Beijing Huilonguan Hospital, Peking University Huilongguan Clinical Medical School, Beijing 100096, China; North China University of Science and Technology, Tangshan 063210, China.
Ganzhou Third People's Hospital No. 10, Jiangbei Avenue, Zhanggong District, Ganzhou, Jiangxi 341000, China.
Asian J Psychiatr. 2024 Jul;97:104088. doi: 10.1016/j.ajp.2024.104088. Epub 2024 May 20.
Suicide attempts (SA) are a significant contributor to suicide deaths, and non-suicidal self-injury (NSSI) can increase the risk of SA. Many adolescents experience both NSSI and SA, which are affected by various factors. This study aimed to identify the risk factors and essential warning signs of SA, establish a predictive model for SA using multiple dimensions and large samples, and provide a multidimensional perspective for clinical diagnosis and intervention.
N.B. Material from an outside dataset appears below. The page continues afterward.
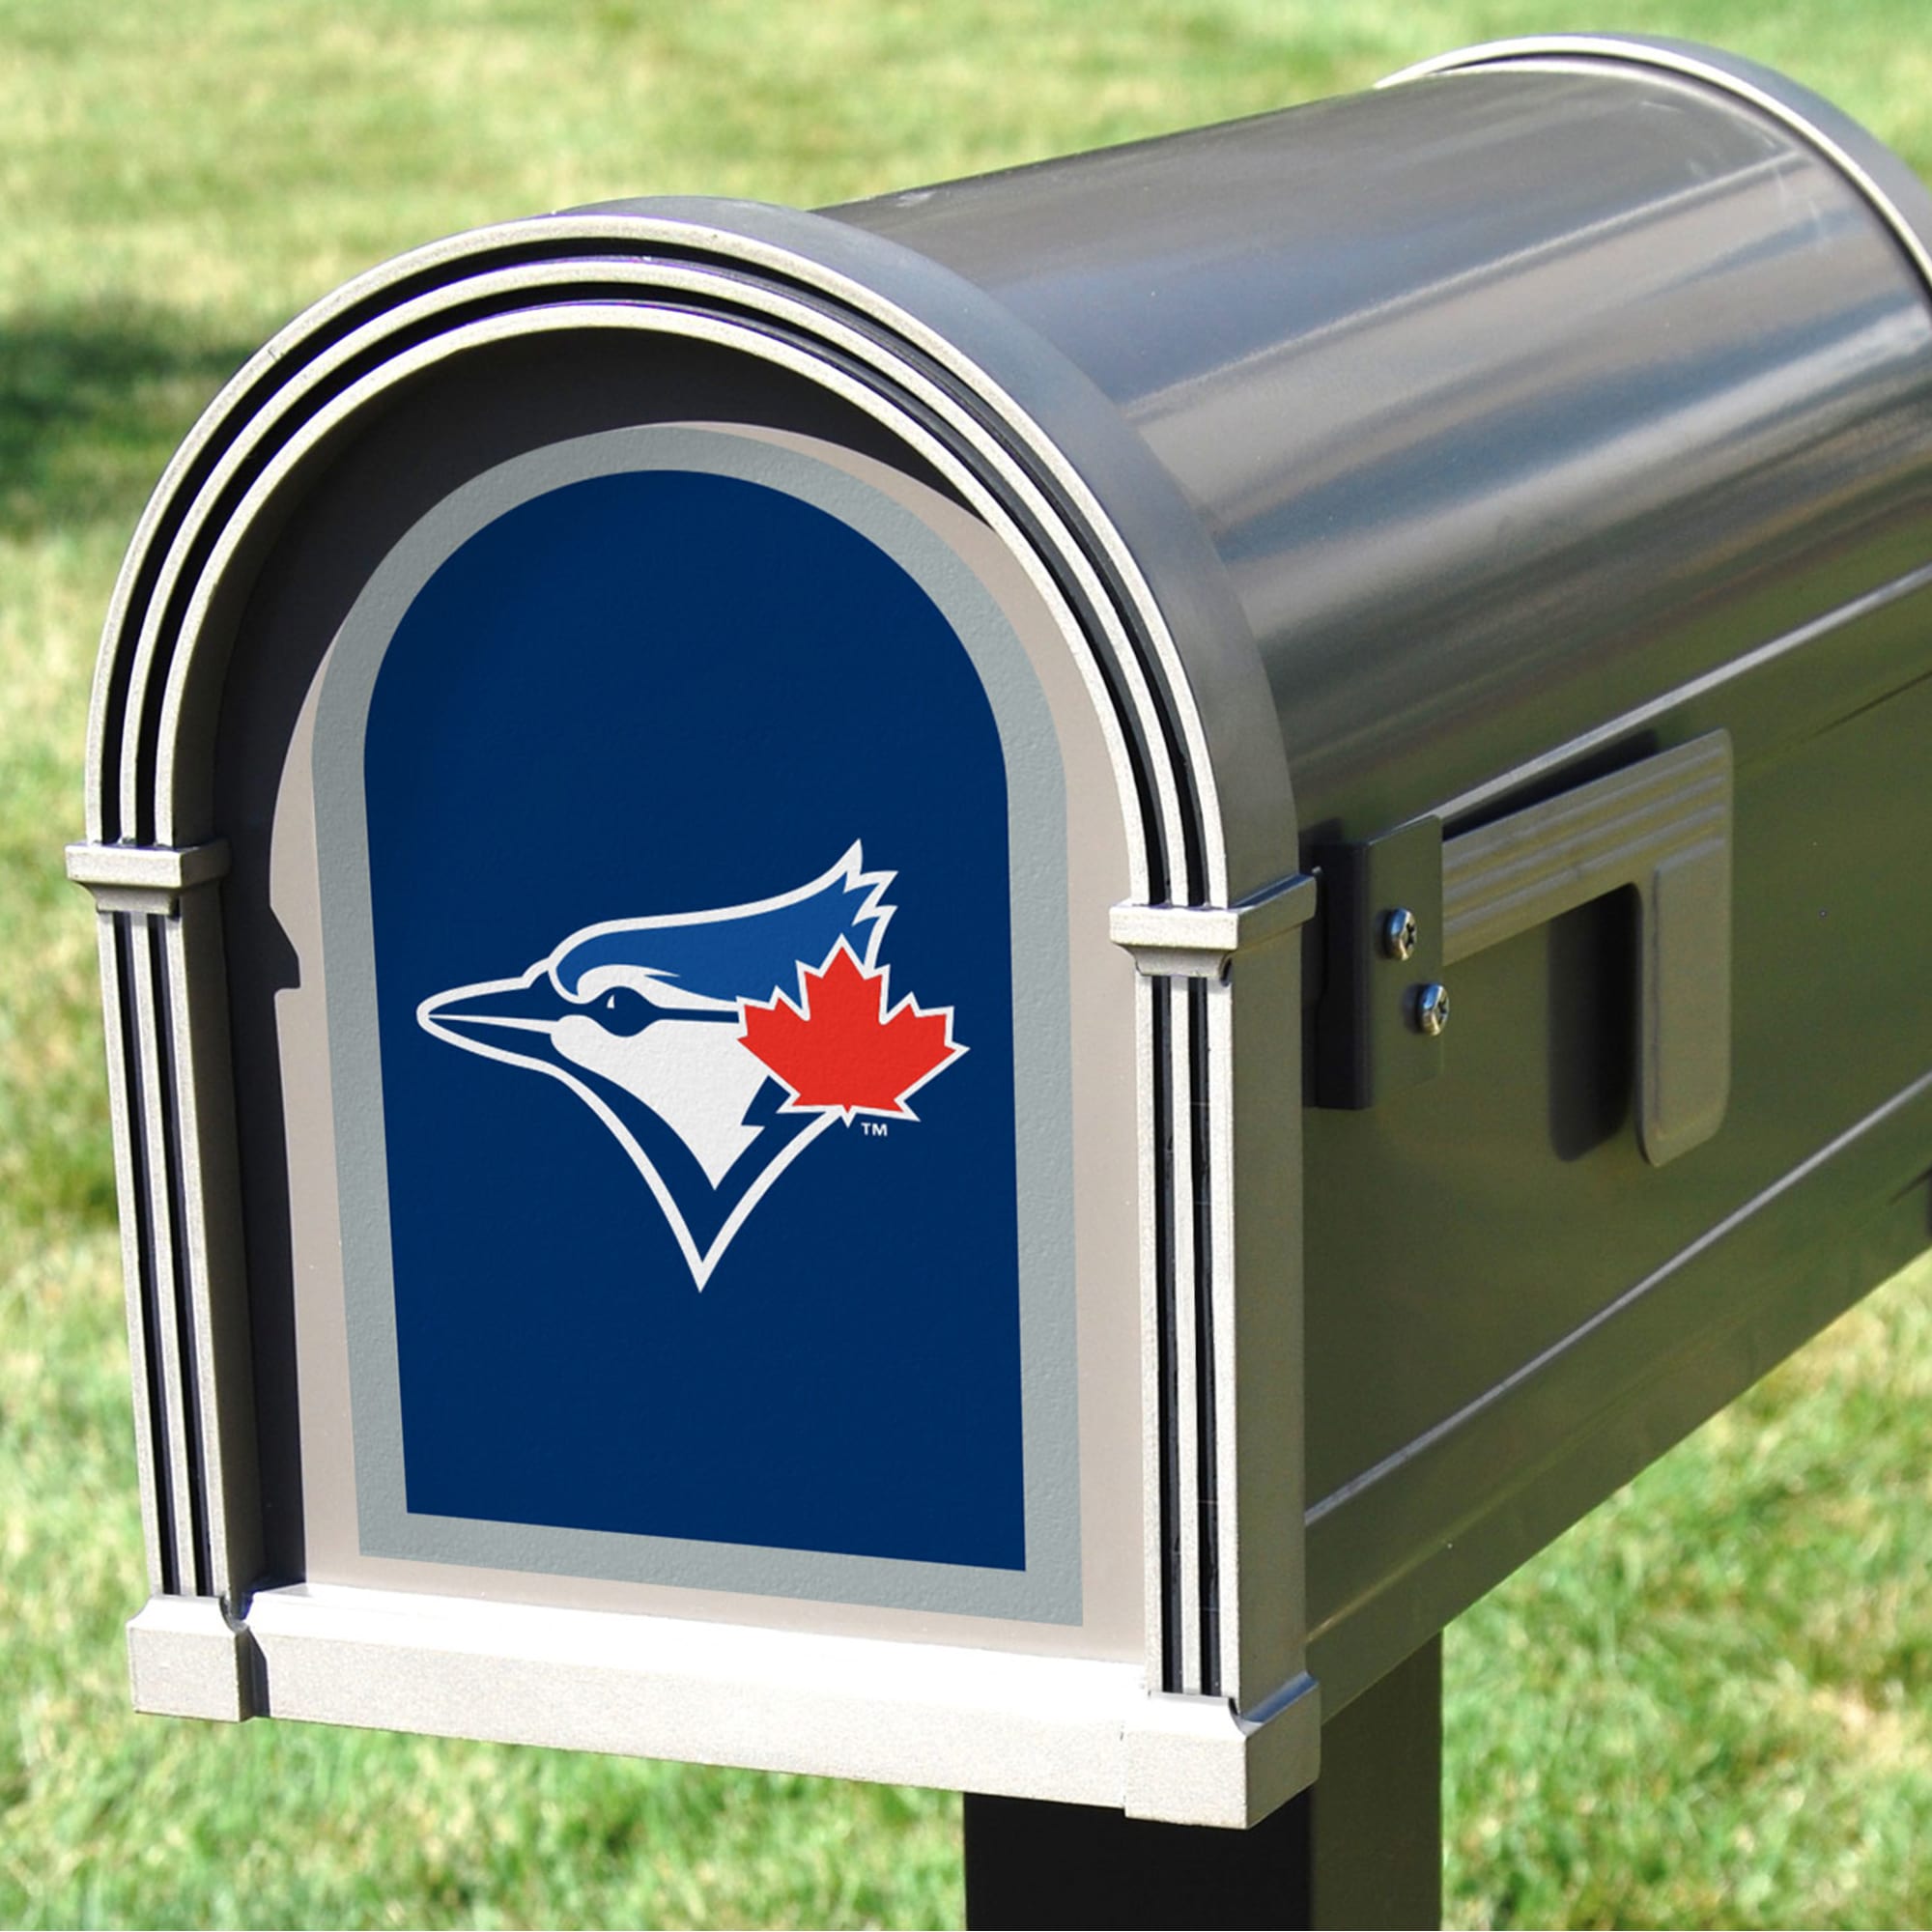 Toronto Blue Jays: Mailbox Logo - Officially Licensed MLB Outdoor Graphic 5.0"W x 8.0"H by Fathead | Wood/Aluminum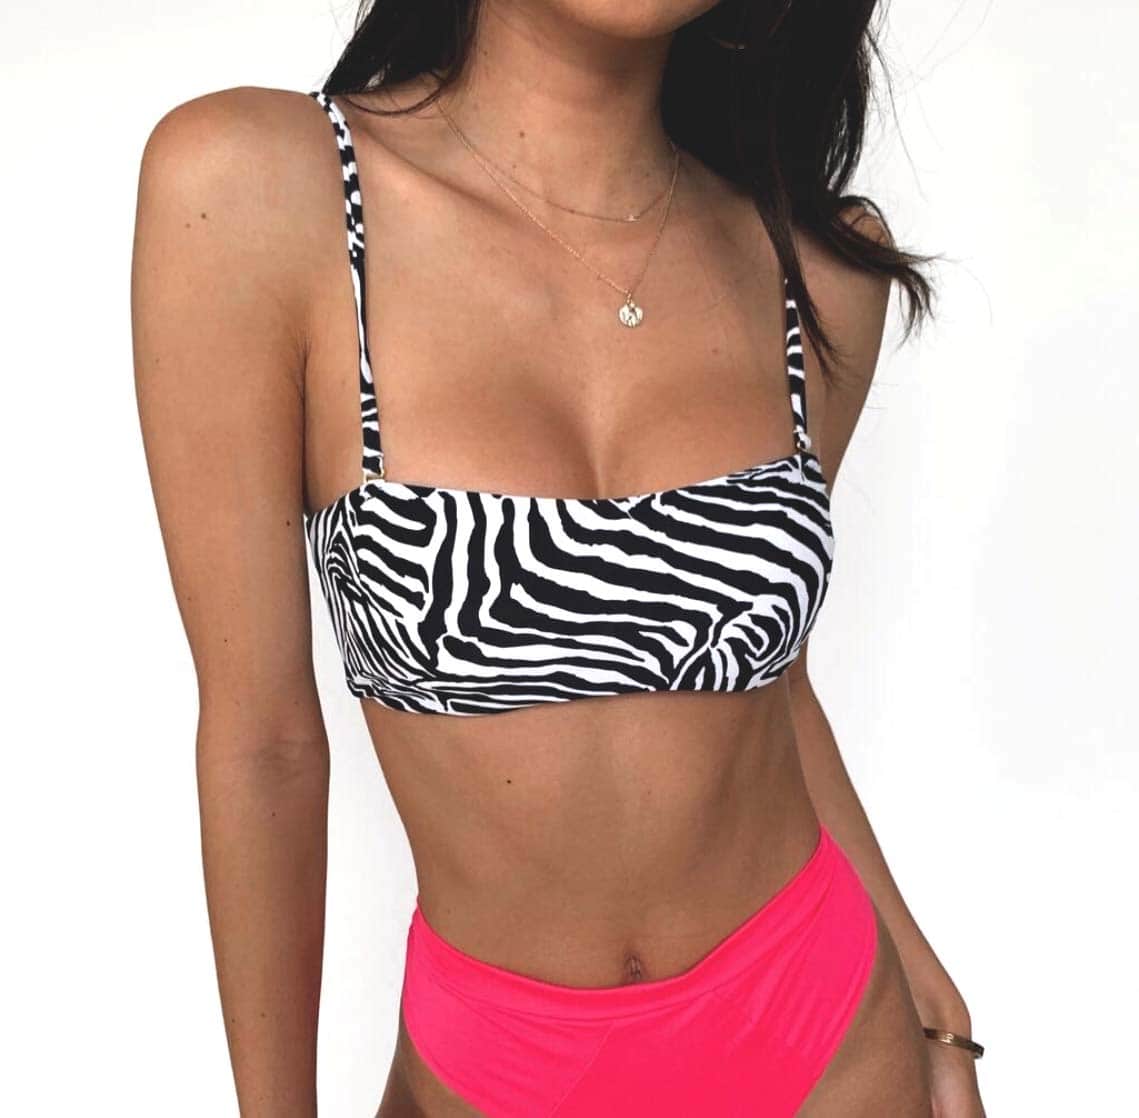 Top 10 So Hot Swimsuit Trends Of Summer 2019

A total of 9140 participants aged 12-18 years participated in an online survey; 6959 participants were included in the statistical analysis. A multilayer perceptron algorithm was used to establish a prediction model for adolescent SA (with or without); adolescents with NSSI behavior were extracted as a subgroup to establish a prediction model.
Both the prediction model performance of the SA group and the NSSI-SA subgroup were strong, with high accuracy, and AUC values of 0.93 and 0.88, indicating good discrimination. Decision curve analysis (DCA) demonstrated that the clinical intervention value of the prediction results was high and that the clinical intervention benefits of the NSSI-SA subgroup were greater than those of the SA group.
Our study demonstrated that the predictive model has a high degree of accuracy and discrimination, thereby identifying significant factors associated with adolescent SA. As long as adolescents exhibit NSSI behavior, relative suicide interventions should be implemented to prevent future hazards. This study can provide guidance and more nuanced insights for clinical diagnosis as well as a foundation for clinical treatment.
自杀未遂(SA)是自杀死亡的重要原因,非自杀性自伤(NSSI)会增加 SA 的风险。许多青少年同时经历 NSSI 和 SA,这受到多种因素的影响。本研究旨在确定 SA 的风险因素和基本预警信号,使用多个维度和大样本建立 SA 的预测模型,并为临床诊断和干预提供多维视角。
共有 9140 名 12-18 岁的参与者参加了在线调查;其中 6959 名参与者被纳入统计分析。使用多层感知机算法建立青少年 SA(有或无)的预测模型;提取有 NSSI 行为的青少年作为亚组建立预测模型。
SA 组和 NSSI-SA 亚组的预测模型性能均较强,具有较高的准确性和 AUC 值分别为 0.93 和 0.88,表明具有良好的区分度。决策曲线分析(DCA)表明预测结果的临床干预价值较高,且 NSSI-SA 亚组的临床干预获益大于 SA 组。
本研究表明,该预测模型具有较高的准确性和区分度,可识别与青少年 SA 相关的重要因素。只要青少年表现出 NSSI 行为,就应实施相对自杀干预,以预防未来的危害。本研究可为临床诊断提供指导和更细致的见解,并为临床治疗奠定基础。